Ervaren wat de uitwerking van de behandeling zal zijn
"Ik denk dat het belangrijk is om eerst te ervaren hoe het is in de beginperiode. Mijn coach was degene die het proces begeleidde en die belde mij ook op. Dan spraken we gewoon af en keken we hoe het ging. Hij legde bij mij wat ik daarin wilde. Ik vond het heel prettig dat hij één keer in de drie of zes weken contact met mij opnam. Ik weet het niet precies meer. Maar dan heb je wel het gevoel dat je niet vergeten bent. Ik denk dat het belangrijk is dat je zelf concreet bent en aangeeft wat je kan. Ik ben redelijk assertief en kon duidelijk aangeven wat ik wilde. Maar dat het ook kon. Dat je als kanker patiënt betrokken blijft bij het proces."
"Op een gegeven moment krijg je je eigen routine. Je weet die dag heb ik chemo, dan kan ik dit en dat niet. Dan gaat het beter. Op een gegeven moment krijg je een beetje een ritme in dat chemo proces. Ik denk dat dat het een beetje is. Je zit in die flow en doet het gewoon. Ik dacht er ook niet zoveel meer over na. Je ging naar het ziekenhuis en had er last van. Dat bloed was wel spannend iedere keer. Kan je wel of kan je niet? Ik ging dan naar huis, ‘Yes, even een weekje geen chemo. Extra aansterken deze week’. Dan ging ik lekker naar het strand ofzo. Het is een bepaalde flow waar je in zit. Die trein die gaat nu eenmaal."
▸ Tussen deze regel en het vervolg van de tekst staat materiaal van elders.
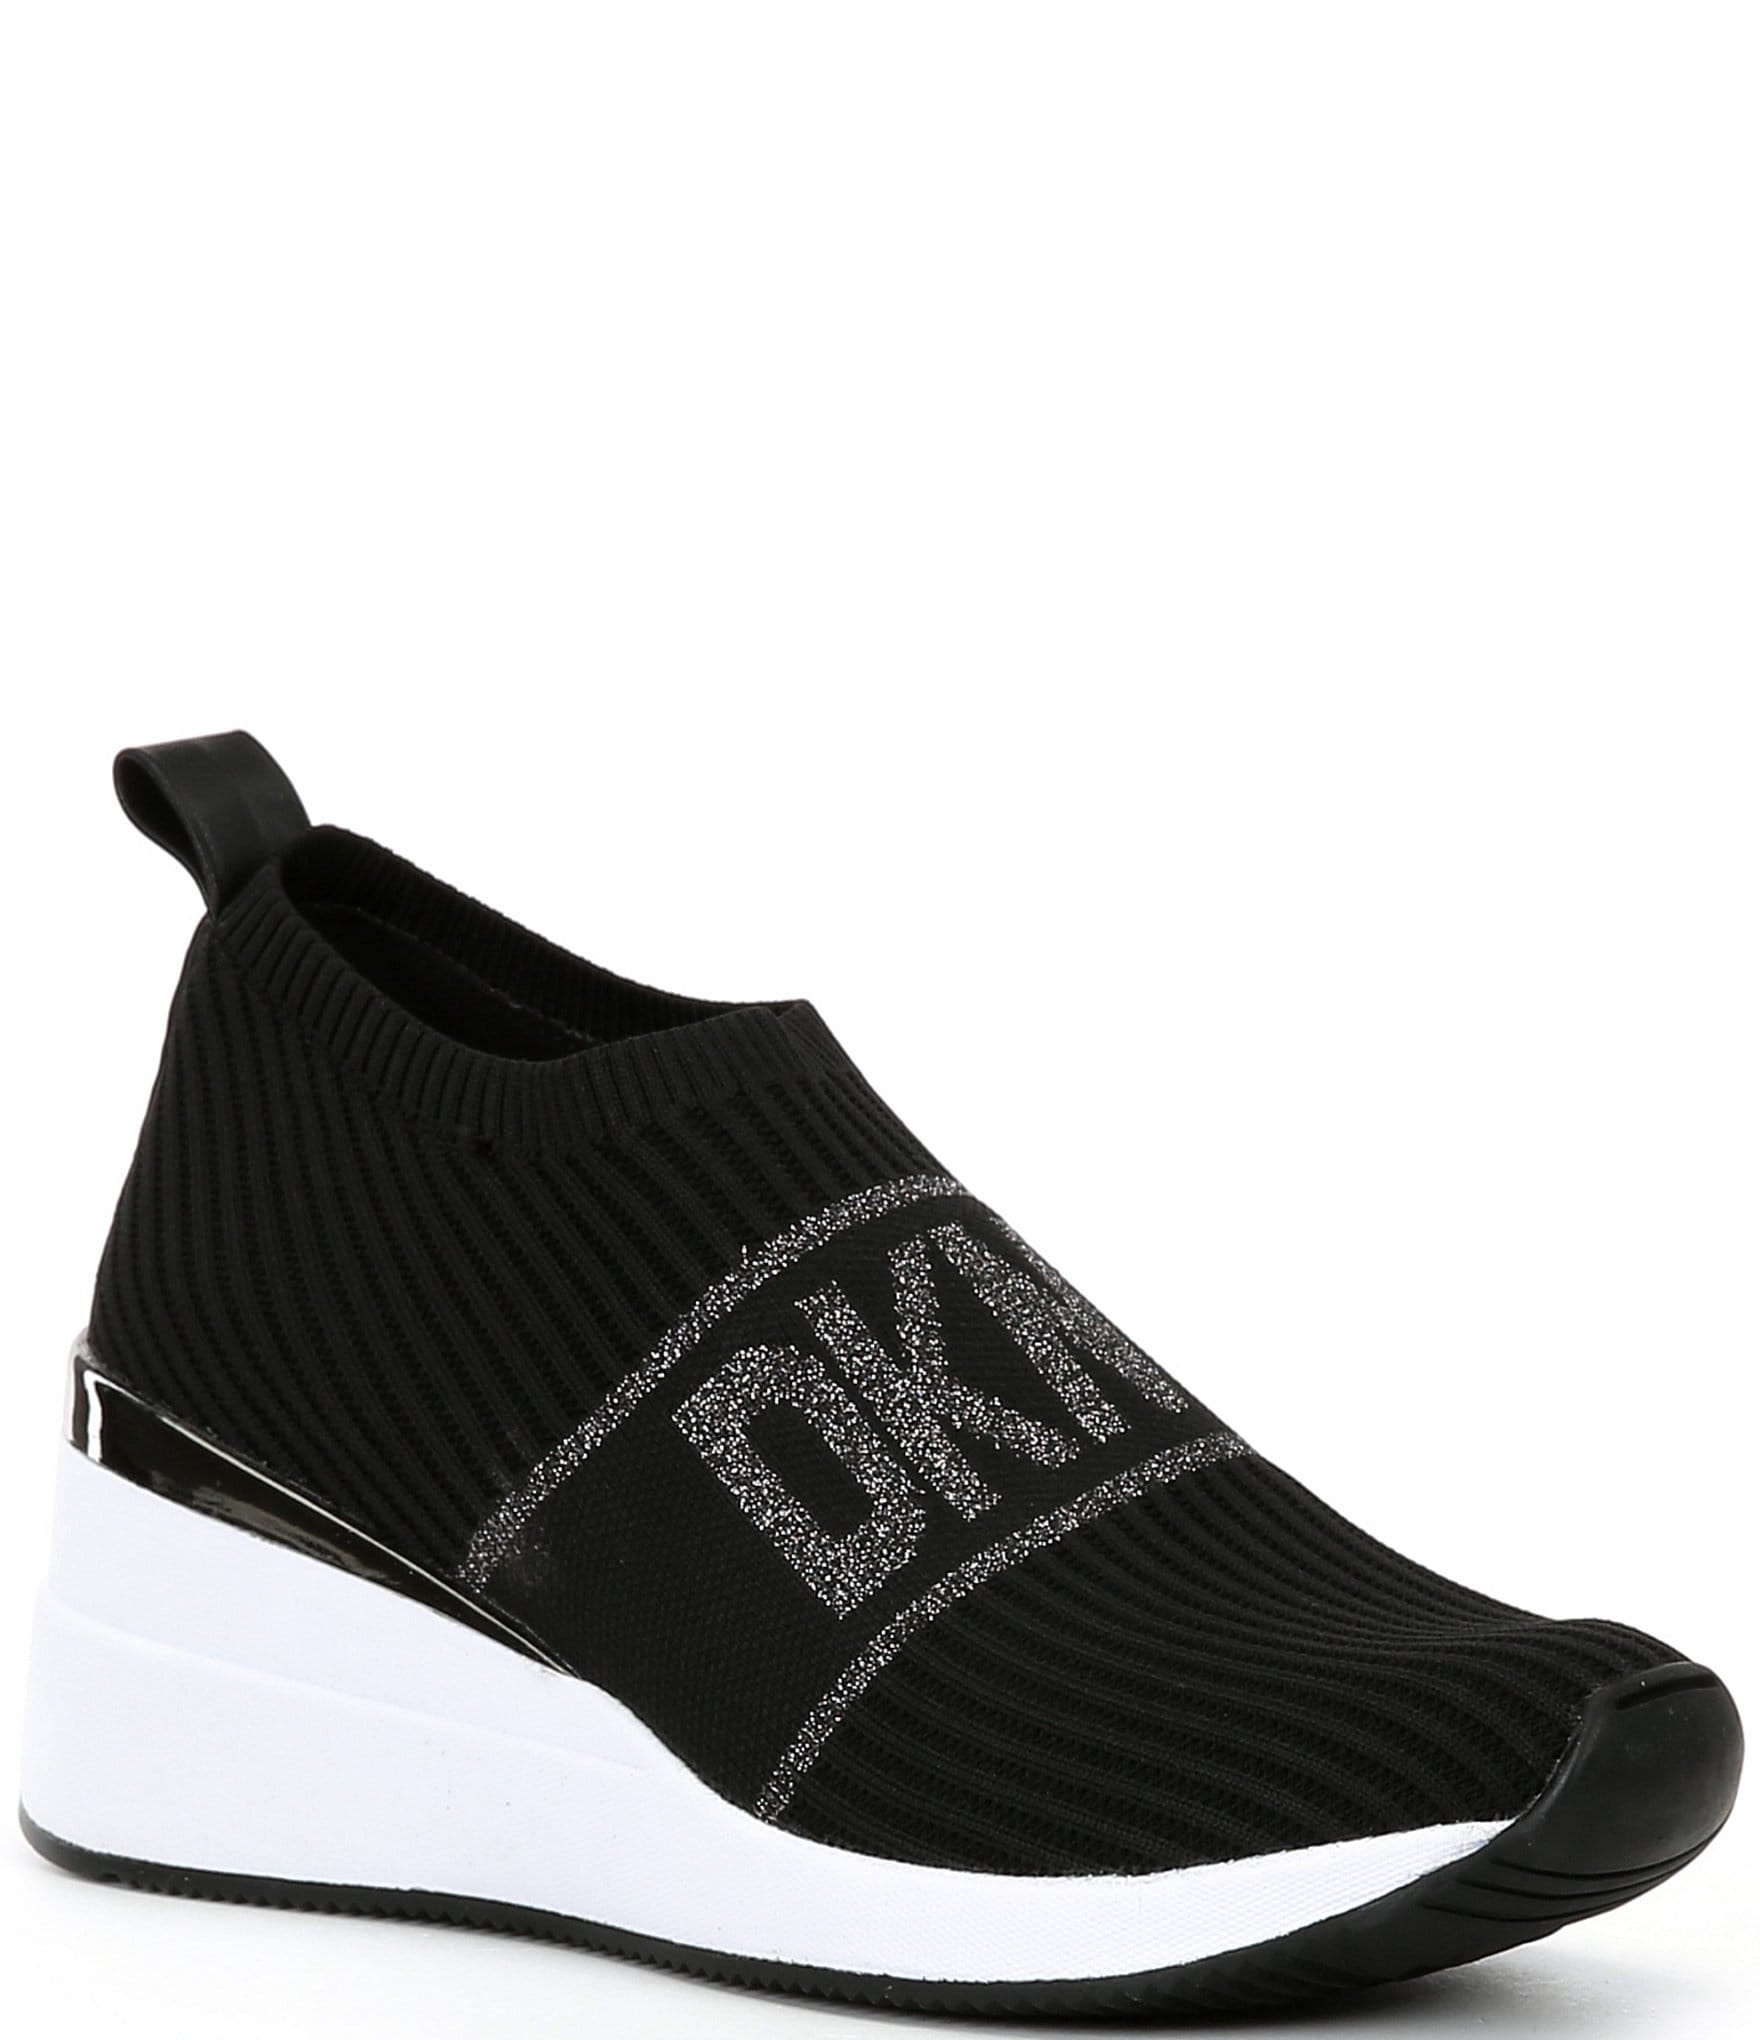 DKNY Phebe Slip On Wedge Sneakers | Dillard's

Voel je vrij om je te voelen zoals jij je voelt
"Ik was de eerste zes maanden niet bang, maar boos. Ik kan me niet voorstellen dat je die emoties vasthoudt. Als ik dat niet zou kunnen benoemen zou het niet goed gaan. Dat is cultureel, maar ook wat je gewend bent vanuit je opvoeding. Ik ben een mindfulness type. Ik moet het uiten, op wat voor manier dan ook. Als ik niet had kunnen zeggen ik ben vooral boos, boosheid heeft de eerste zes maanden een grote rol gespeeld, als ik dat niet had kunnen uiten naar de chirurg, de meiden van de dagbehandeling, zo ben ik bij een medisch psycholoog gekomen die me een boek gaf dat heel erg bij mij paste. Over mindfulness en kanker."
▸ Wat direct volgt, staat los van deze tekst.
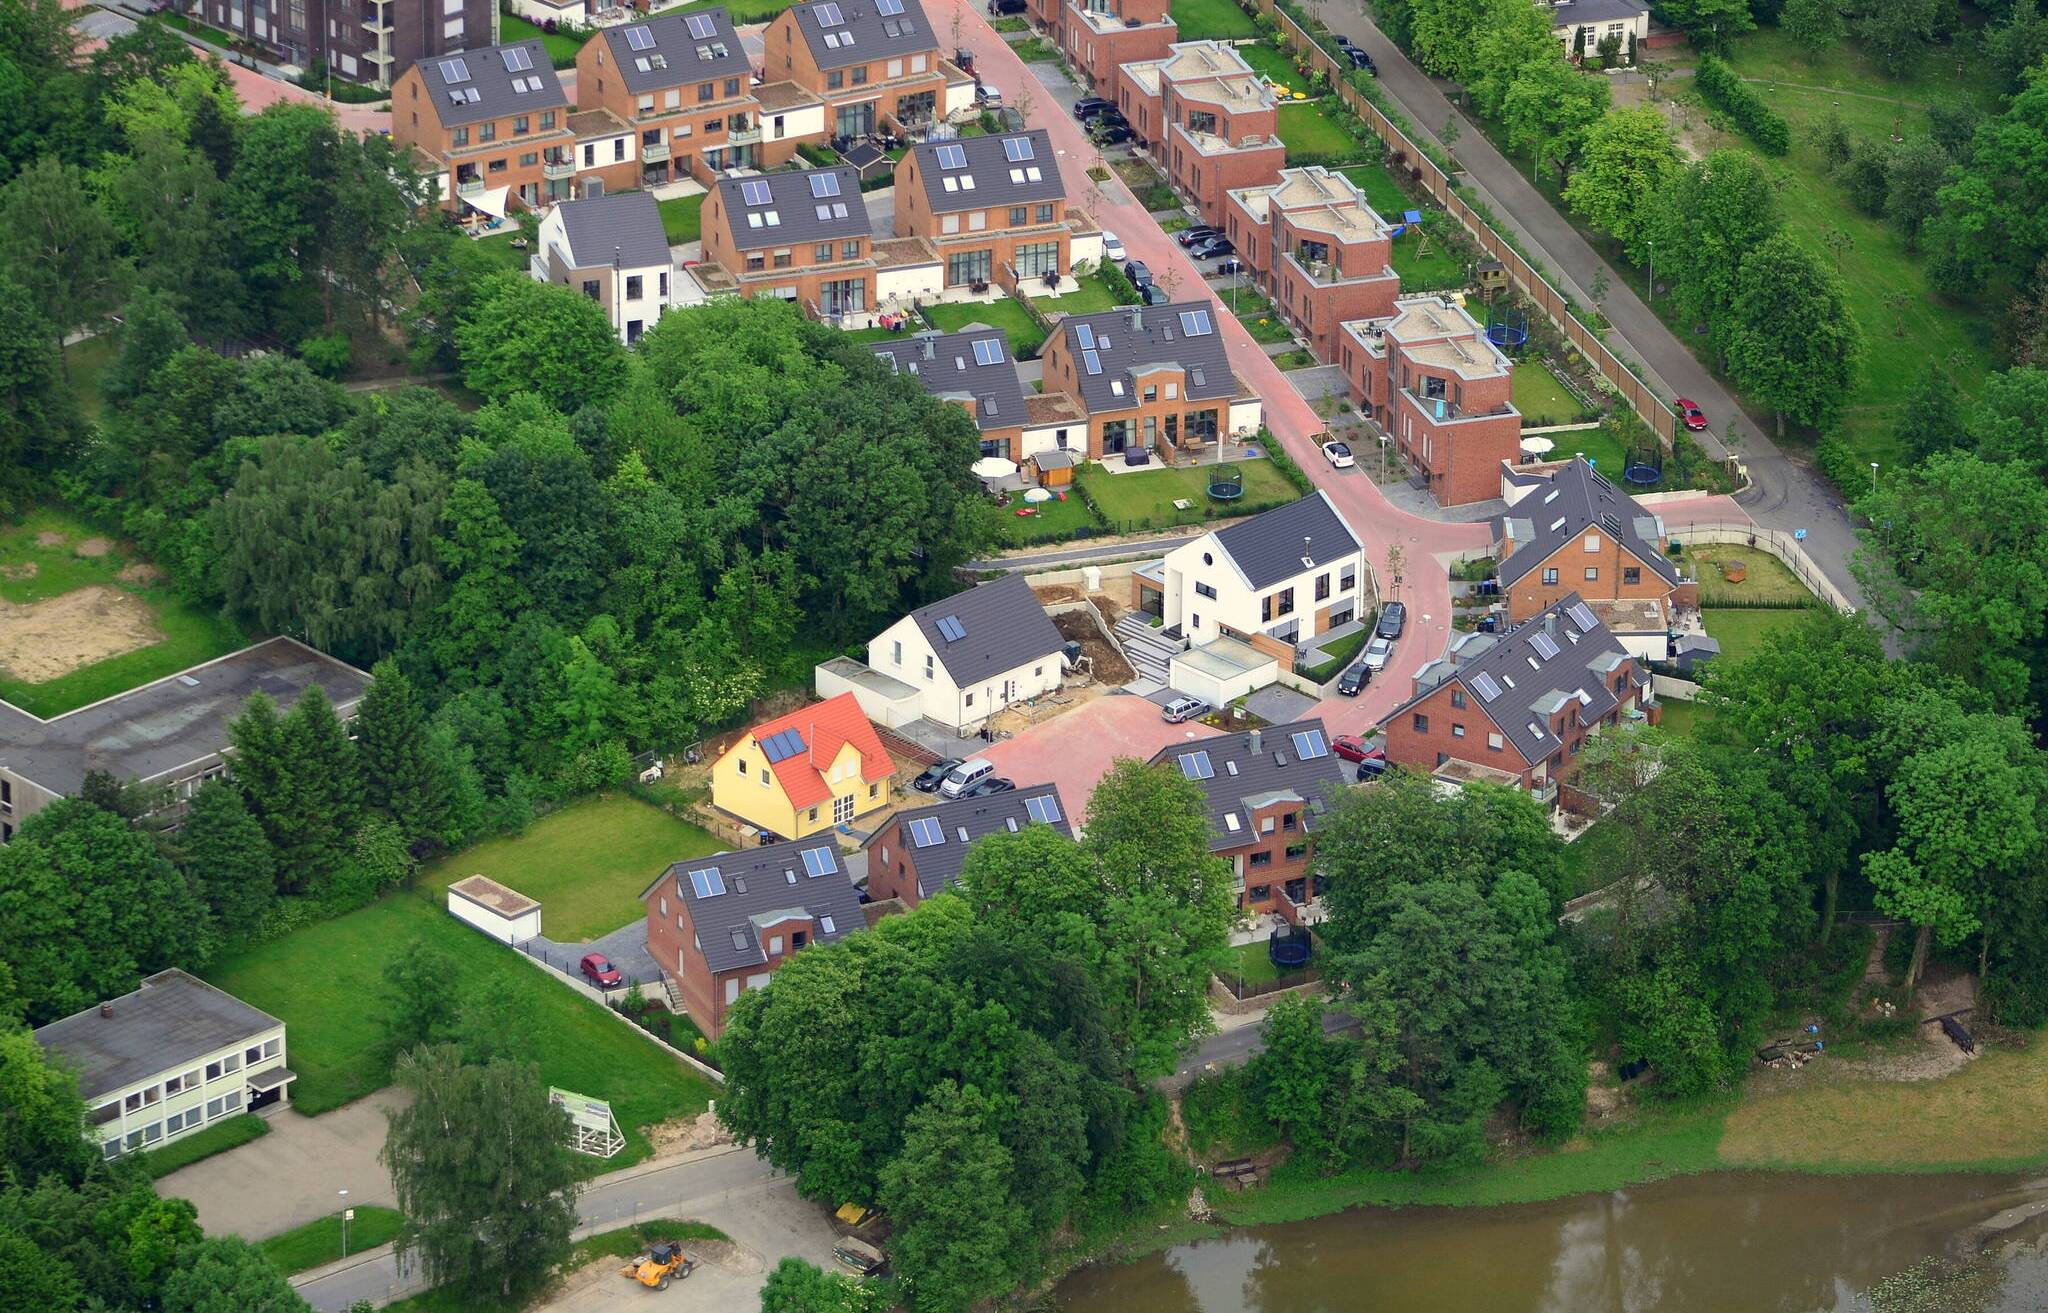 Siedlung am Stadtwald in Mettmann: Viel

"Ik had soms het gevoel dat ik vreemd werd aangekeken als ik gewoon een grapje maakte of vrolijk over straat liep. Ze verwachten dat je thuis bent en niet door de stad loopt om iets te kopen en te winkelen omdat je dat ook nodig hebt. Je hebt een bepaalde druk of hoe je dat ook moet noemen, maar het leven stopt niet. Je hebt nog steeds de goede momenten en je lacht je nog steeds rot. Je hebt er alleen iets bij zeg maar."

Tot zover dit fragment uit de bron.